REQUIRED ACTION
Find the line with "MEM Dicht-Fix 750 ml". Repeat it and each line after it, exactly, down to the end of the records below.

Start of RECORDS FOR THIS EXERCISE

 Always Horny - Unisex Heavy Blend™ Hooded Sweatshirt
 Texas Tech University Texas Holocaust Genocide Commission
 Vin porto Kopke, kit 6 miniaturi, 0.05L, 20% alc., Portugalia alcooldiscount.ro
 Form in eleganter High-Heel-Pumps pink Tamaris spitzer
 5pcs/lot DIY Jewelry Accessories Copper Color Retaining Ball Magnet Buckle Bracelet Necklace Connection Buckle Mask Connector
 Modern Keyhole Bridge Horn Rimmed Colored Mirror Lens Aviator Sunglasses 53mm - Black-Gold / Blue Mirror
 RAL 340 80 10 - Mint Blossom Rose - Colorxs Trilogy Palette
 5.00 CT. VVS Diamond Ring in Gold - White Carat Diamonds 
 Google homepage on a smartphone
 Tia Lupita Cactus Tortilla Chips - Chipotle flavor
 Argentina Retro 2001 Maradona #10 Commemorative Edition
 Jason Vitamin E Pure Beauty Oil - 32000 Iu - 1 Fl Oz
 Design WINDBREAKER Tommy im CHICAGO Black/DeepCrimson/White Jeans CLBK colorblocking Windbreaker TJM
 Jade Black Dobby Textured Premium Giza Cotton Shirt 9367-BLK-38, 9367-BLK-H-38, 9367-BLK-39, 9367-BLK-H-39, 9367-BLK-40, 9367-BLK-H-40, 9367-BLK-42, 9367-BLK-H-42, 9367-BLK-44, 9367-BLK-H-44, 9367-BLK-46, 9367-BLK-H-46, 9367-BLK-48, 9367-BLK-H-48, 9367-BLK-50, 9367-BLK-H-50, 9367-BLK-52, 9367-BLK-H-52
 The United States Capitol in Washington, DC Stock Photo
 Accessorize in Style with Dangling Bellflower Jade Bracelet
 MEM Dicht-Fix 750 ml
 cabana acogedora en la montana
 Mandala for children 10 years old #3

End of RECORDS FOR THIS EXERCISE

TASK SOLUTION
 MEM Dicht-Fix 750 ml
 cabana acogedora en la montana
 Mandala for children 10 years old #3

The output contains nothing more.